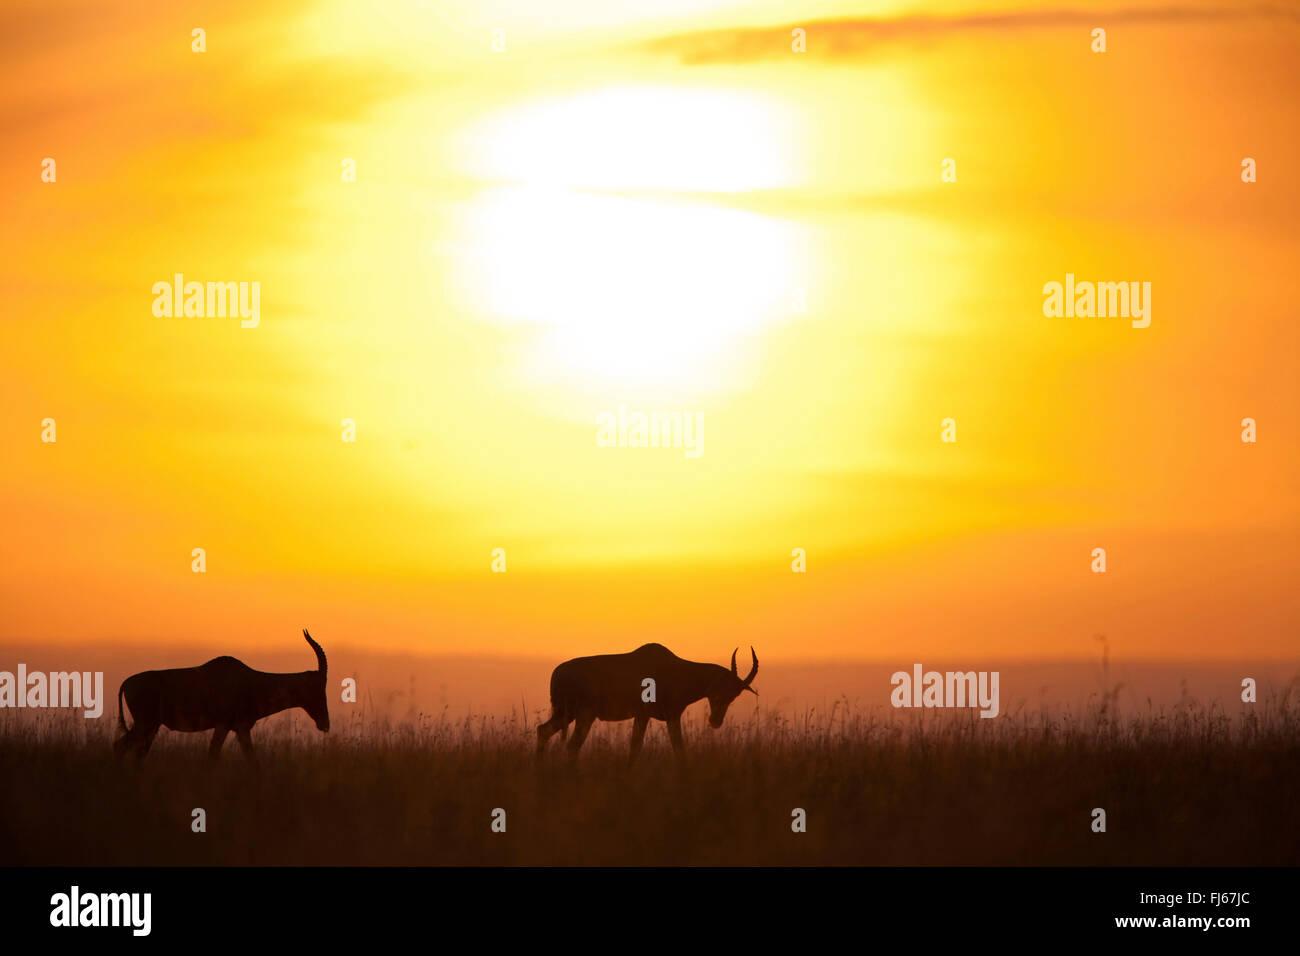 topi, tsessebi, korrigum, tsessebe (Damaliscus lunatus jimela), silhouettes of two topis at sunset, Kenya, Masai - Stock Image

---

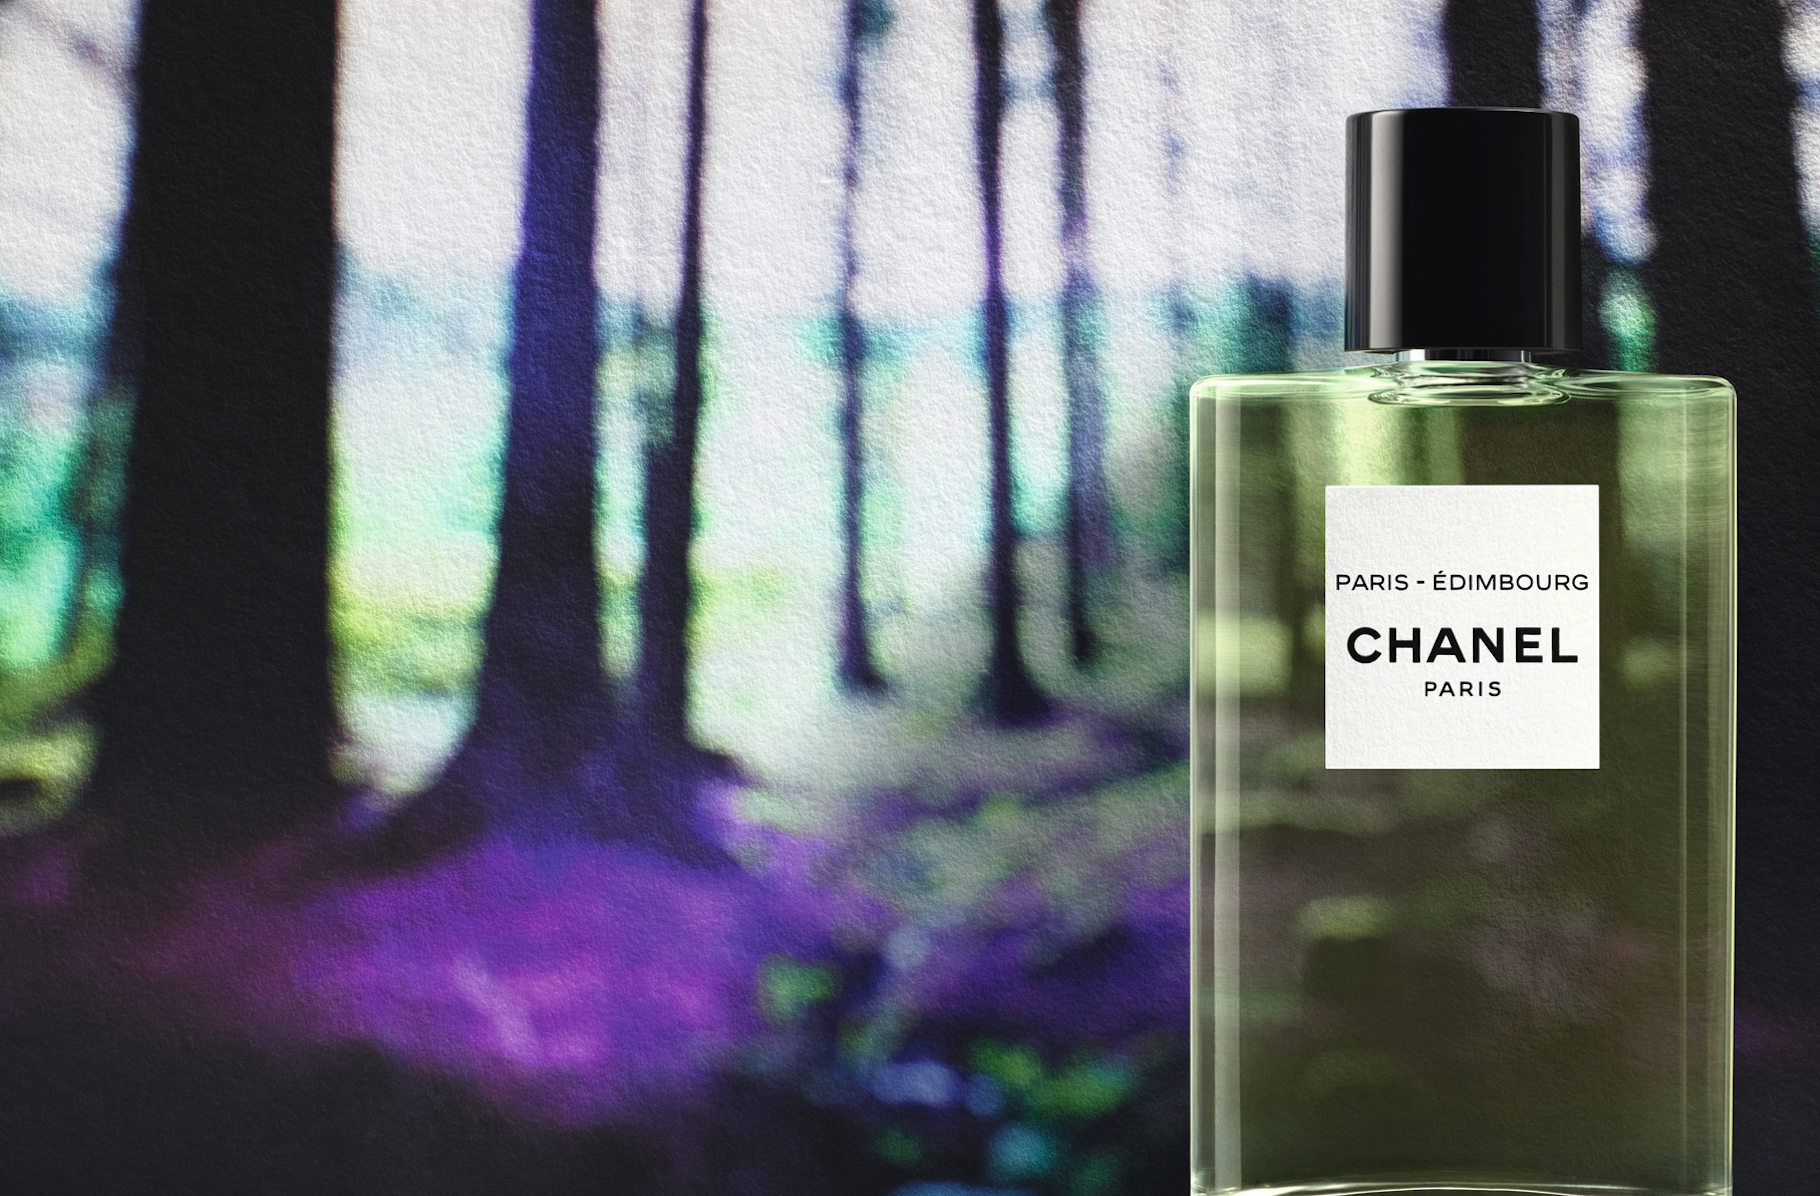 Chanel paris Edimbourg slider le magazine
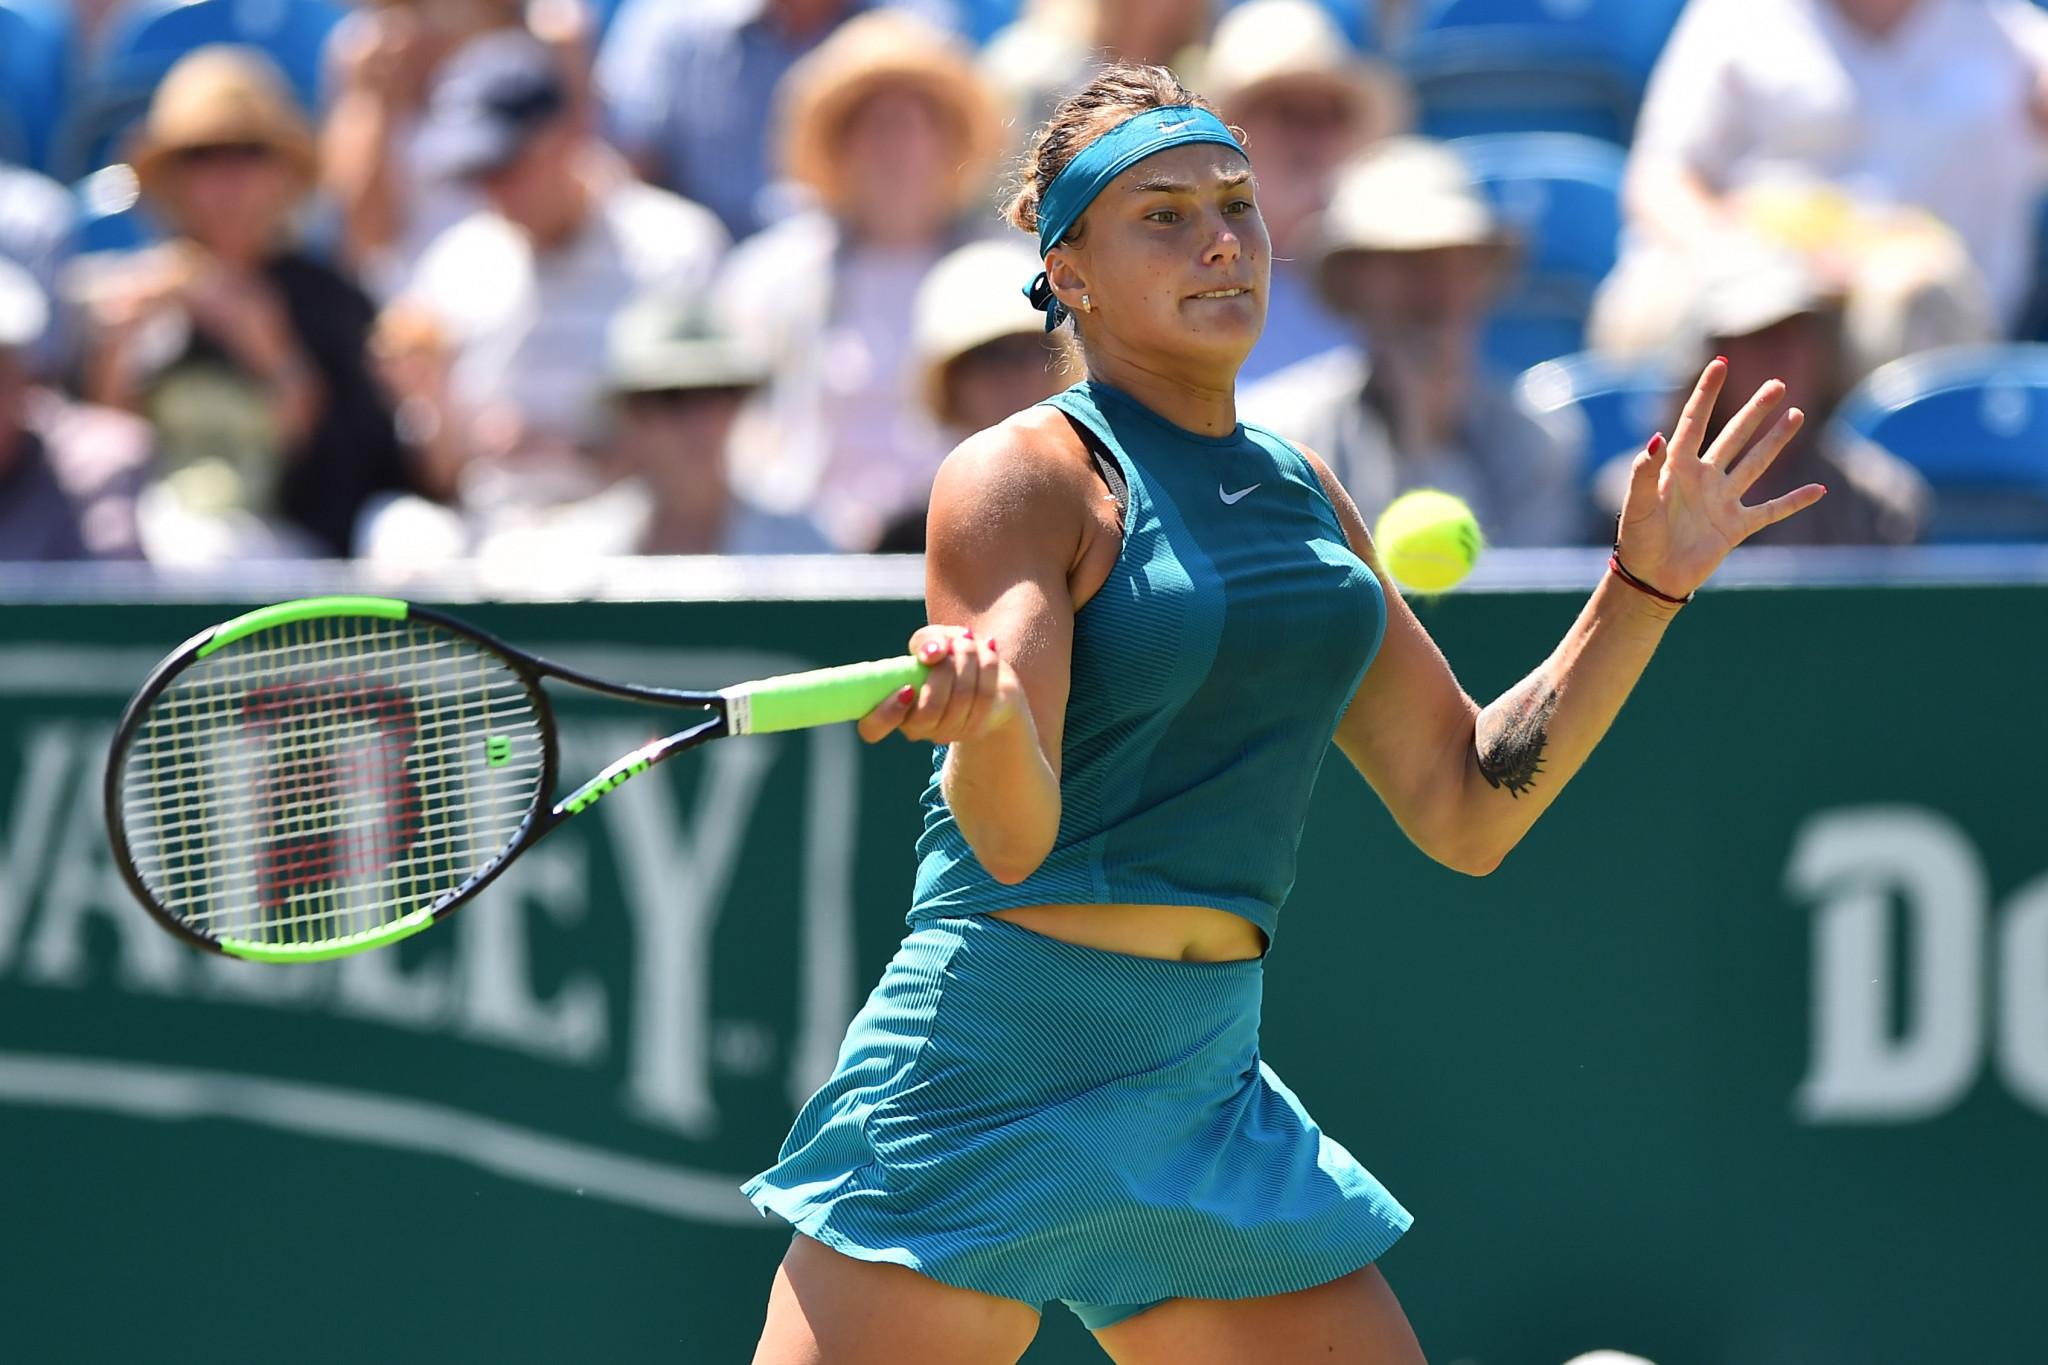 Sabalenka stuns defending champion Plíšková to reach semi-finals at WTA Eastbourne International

* * *

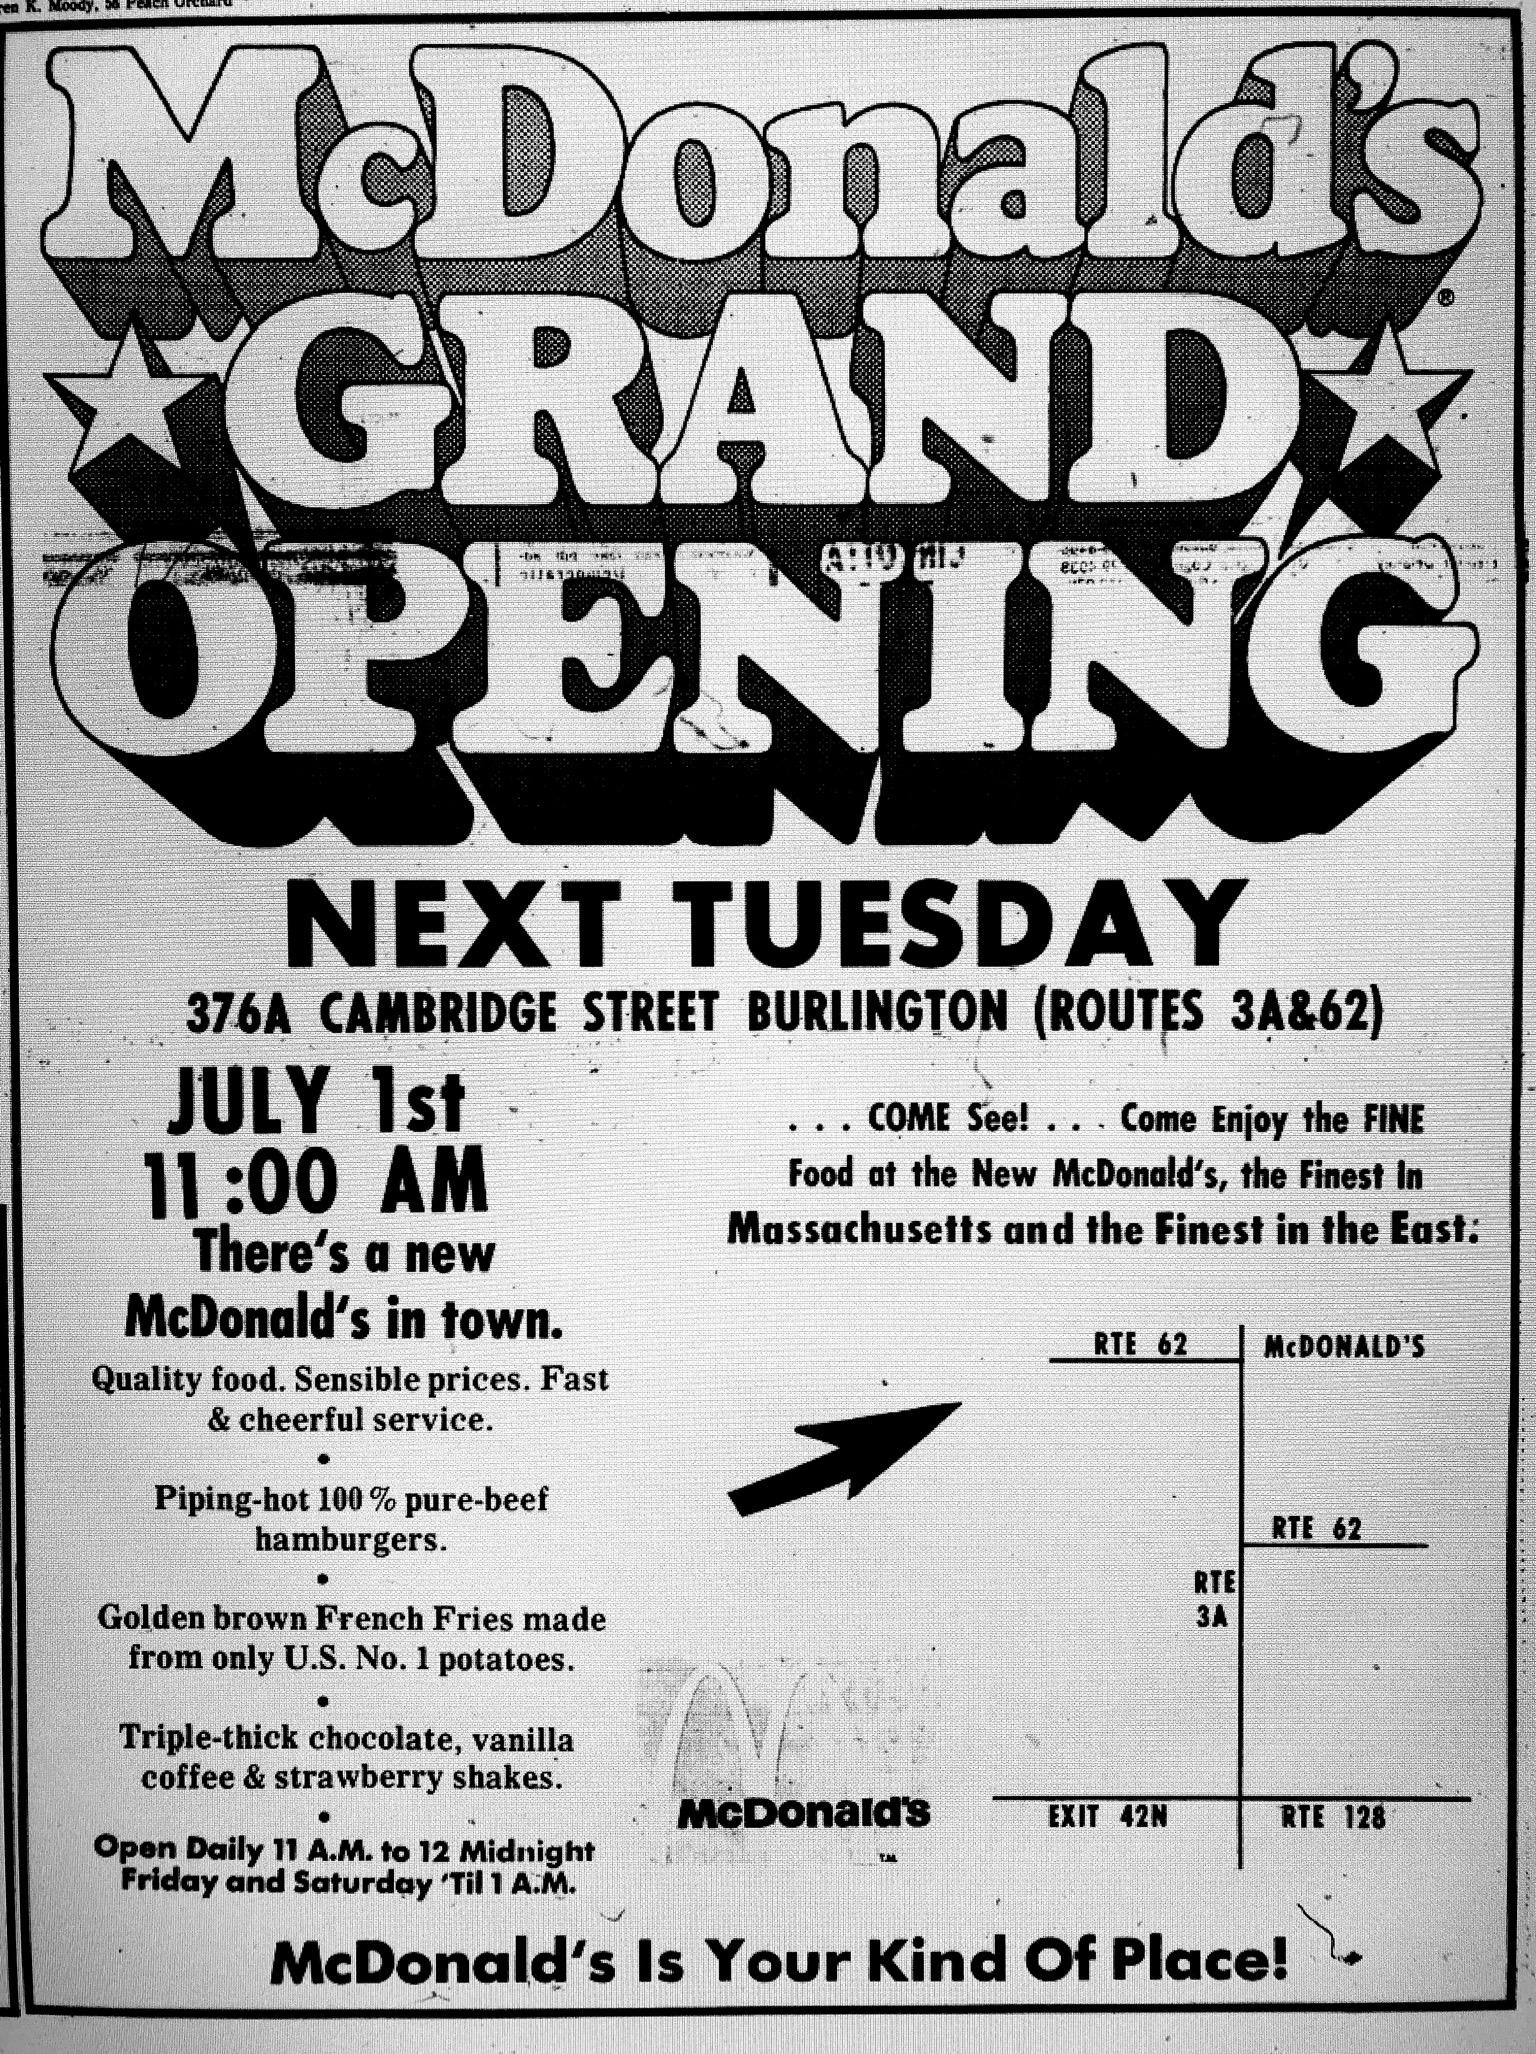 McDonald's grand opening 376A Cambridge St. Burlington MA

### Task details
Above is the material; set down exactly its lines from the one containing "Chanel paris Edimbourg slider le magazine" down to the one containing "Sabalenka stuns defending", both included, leaving out any pictures.

### Reply
 Chanel paris Edimbourg slider le magazine
 Sabalenka stuns defending champion Plíšková to reach semi-finals at WTA Eastbourne International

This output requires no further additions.